Instructions to follow -> Repeat the data as given. Images do not go in the copy.

Data shown ->
# # # # # # #
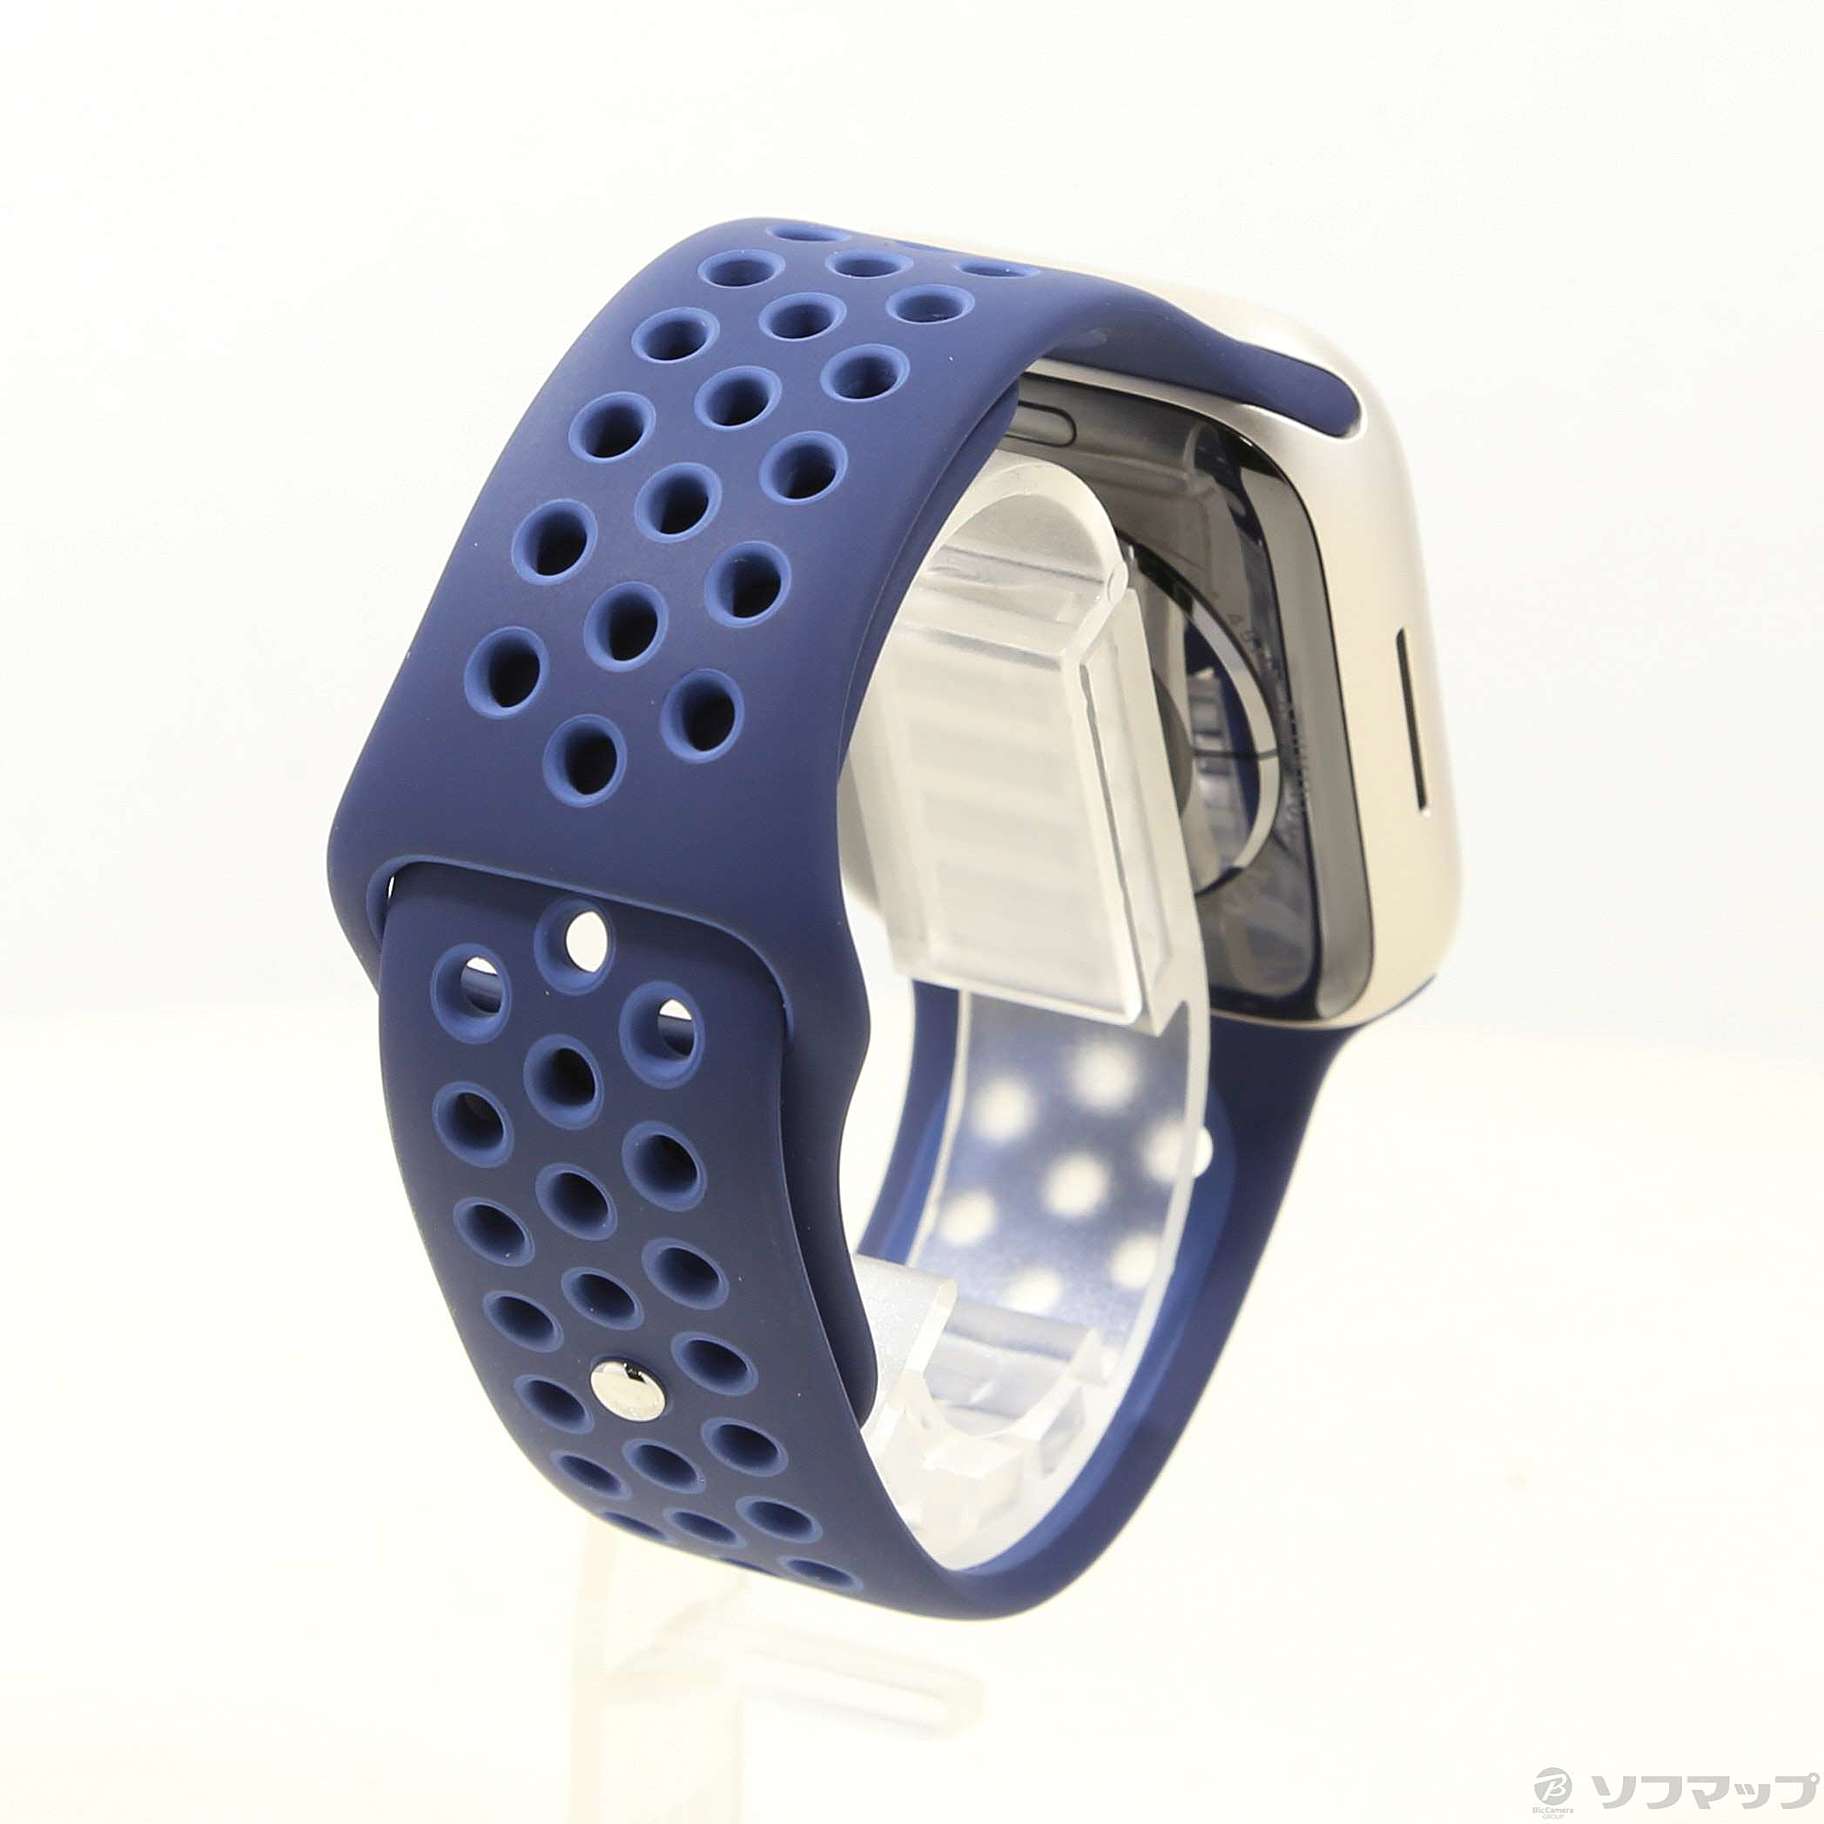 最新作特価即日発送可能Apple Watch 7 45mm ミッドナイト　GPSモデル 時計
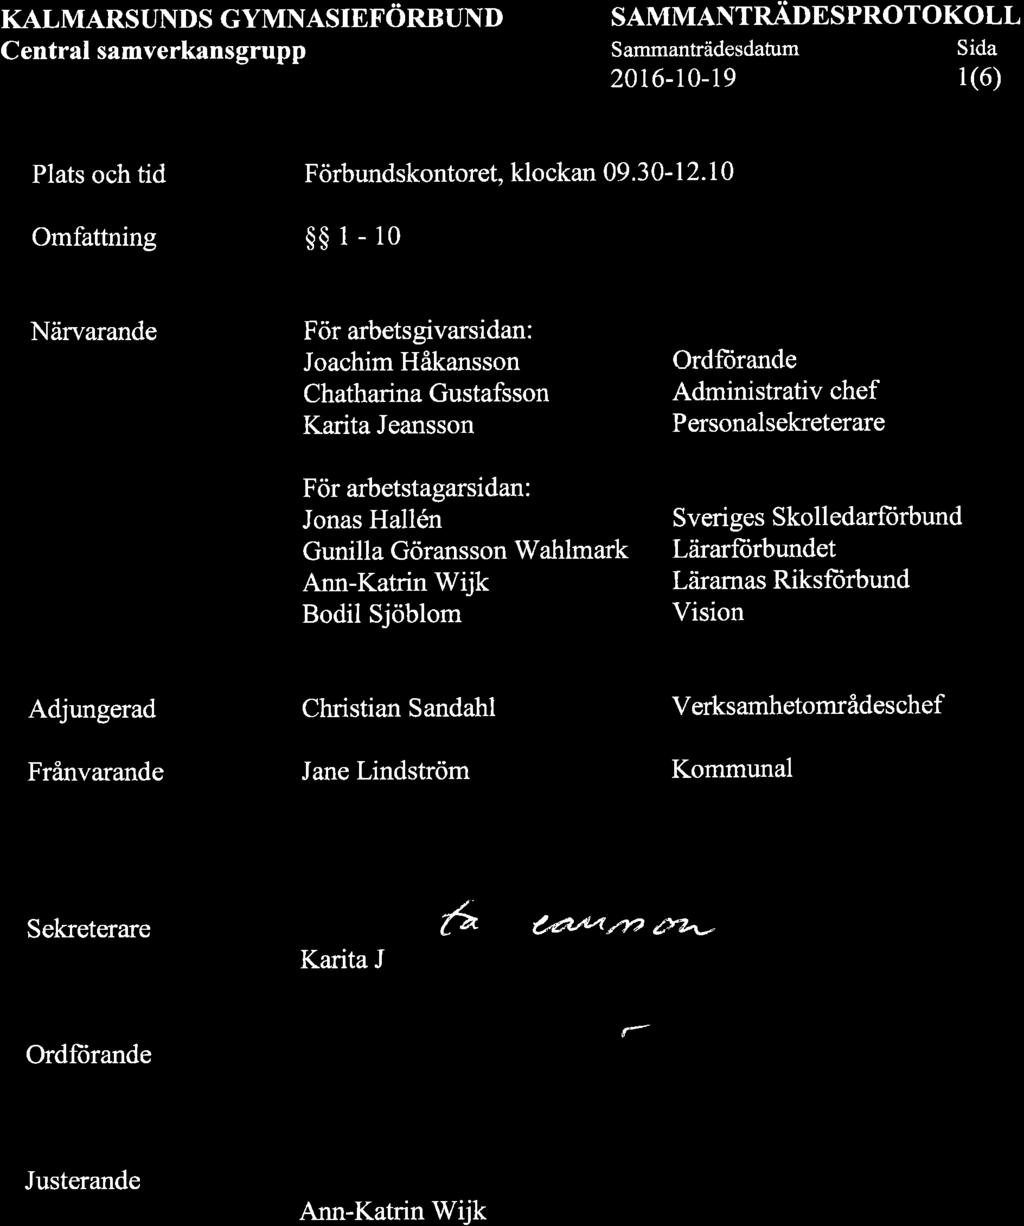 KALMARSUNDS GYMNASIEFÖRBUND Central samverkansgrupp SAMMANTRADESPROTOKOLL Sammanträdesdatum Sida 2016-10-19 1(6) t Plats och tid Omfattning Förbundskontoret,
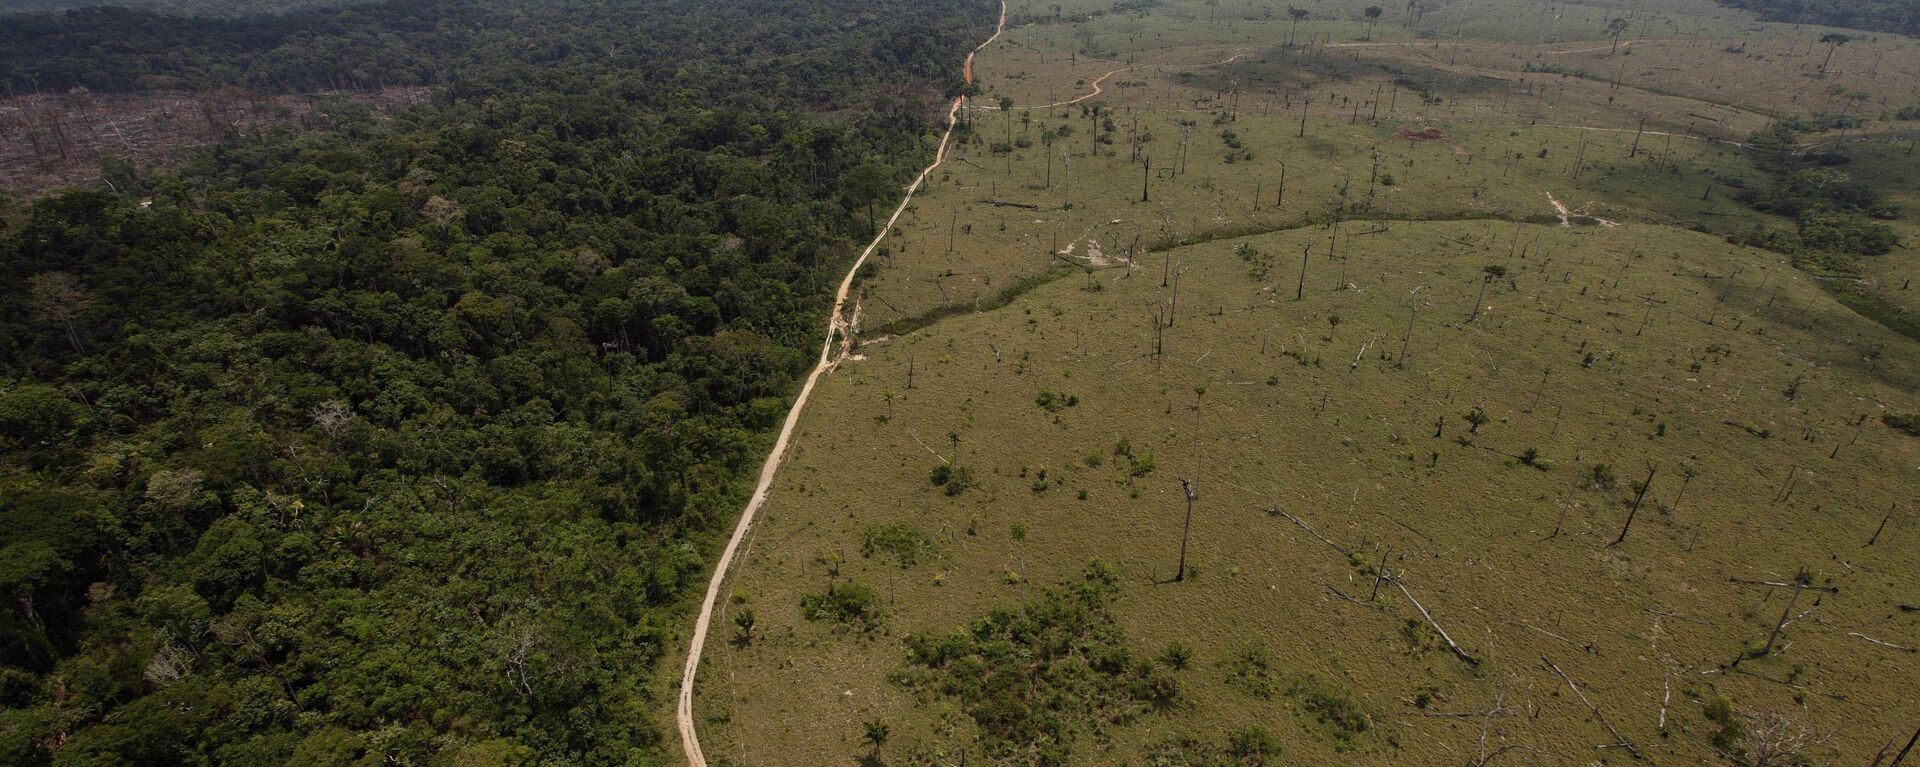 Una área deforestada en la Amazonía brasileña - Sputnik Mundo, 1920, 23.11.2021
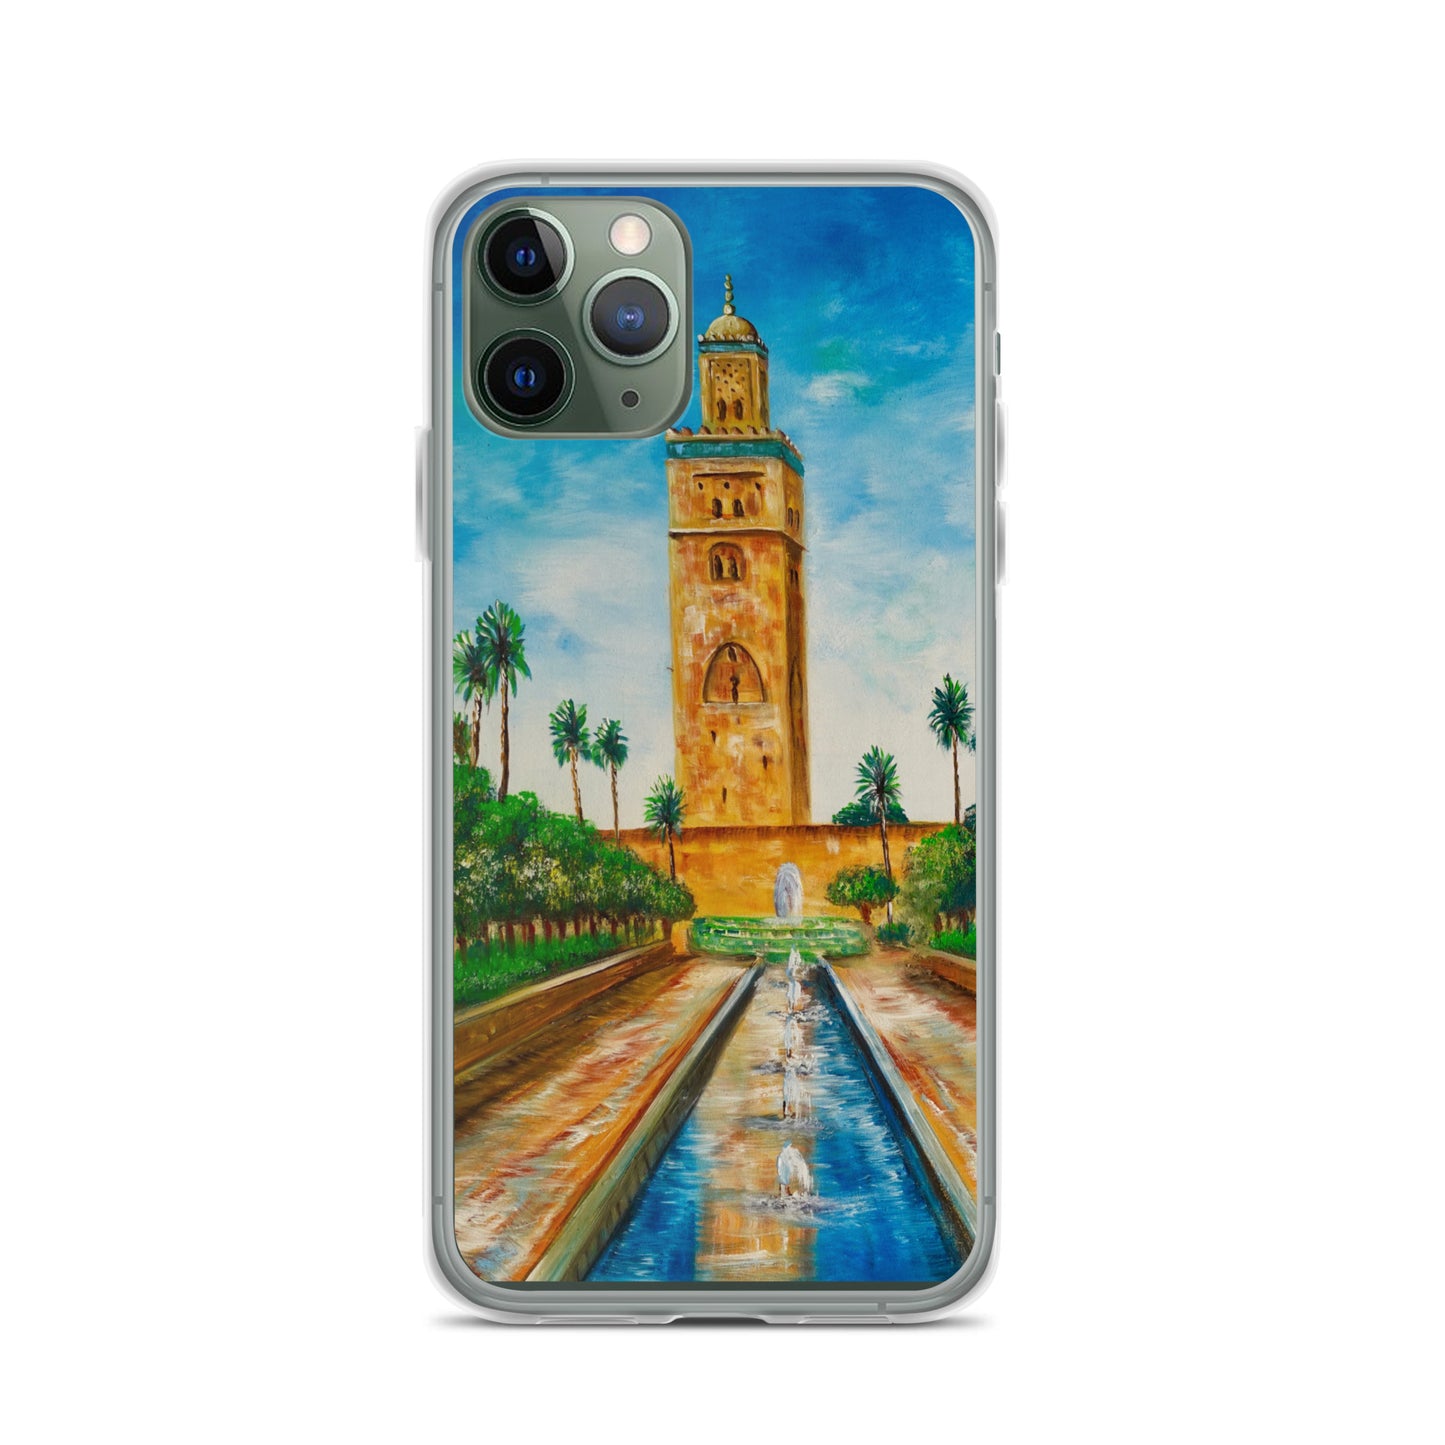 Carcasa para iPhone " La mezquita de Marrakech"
# # # # # # #
Task response ->
 最新作特価即日発送可能Apple Watch 7 45mm ミッドナイト　GPSモデル 時計
 KALMARSUNDS GYMNASIEFÖRBUND Central samverkansgrupp SAMMANTRADESPROTOKOLL Sammanträdesdatum Sida 2016-10-19 1(6) t Plats och tid Omfattning Förbundskontoret,
 Una área deforestada en la Amazonía brasileña - Sputnik Mundo, 1920, 23.11.2021
 Carcasa para iPhone " La mezquita de Marrakech"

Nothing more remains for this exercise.